*** Recorded information

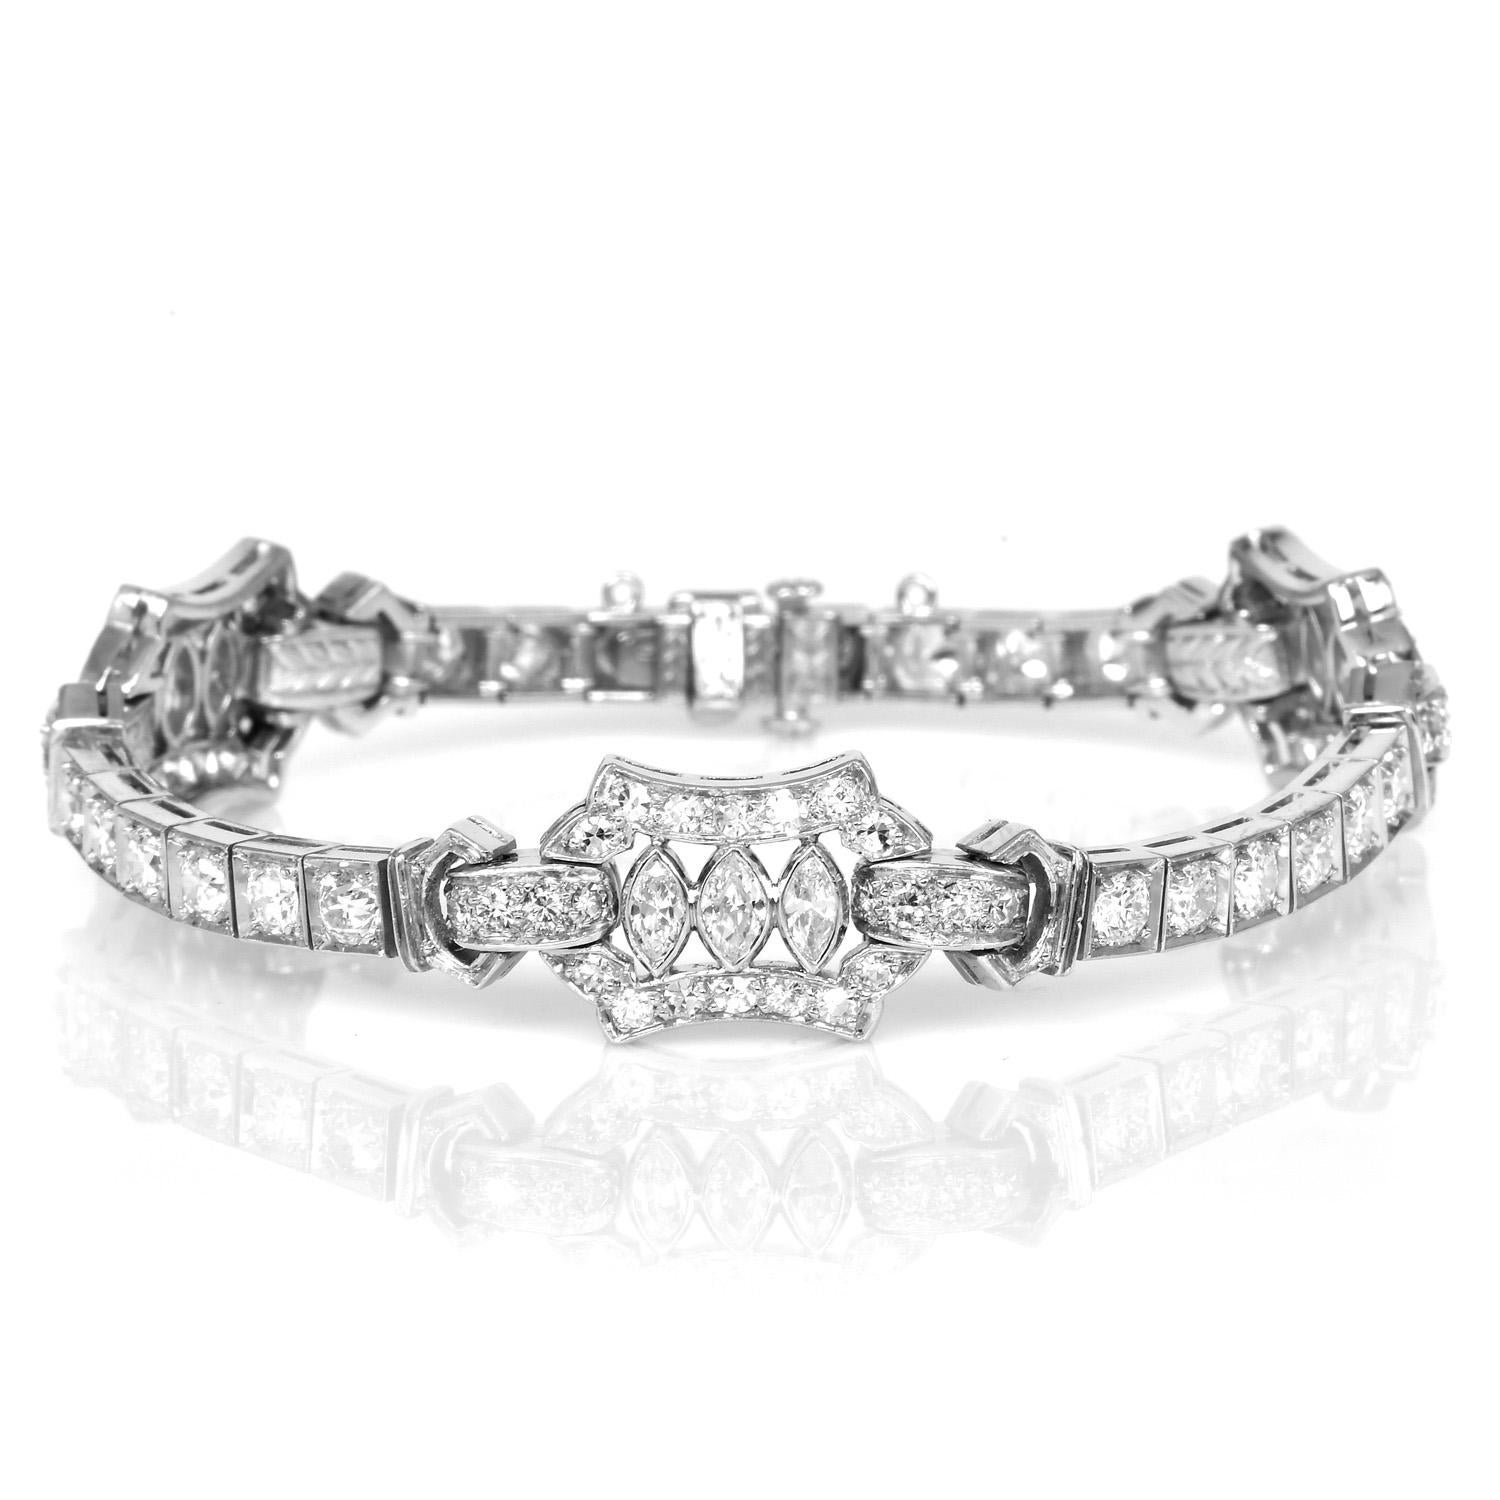 This diamond & platinum Bracelet with a refreshing and delicate Art deco Geometric design.

This vintage Deco is Expertly crafted in solid Platinum, Featuring.

(9) Genuine Diamonds Marquise cut, bezel-set, 

(20) Genuine Medium Diamonds round-cut &

******

#### [Required work]
Return the material as it stands. Leave out the pictures.

#### [Output for this exercise]
 This diamond & platinum Bracelet with a refreshing and delicate Art deco Geometric design.

This vintage Deco is Expertly crafted in solid Platinum, Featuring.

(9) Genuine Diamonds Marquise cut, bezel-set, 

(20) Genuine Medium Diamonds round-cut &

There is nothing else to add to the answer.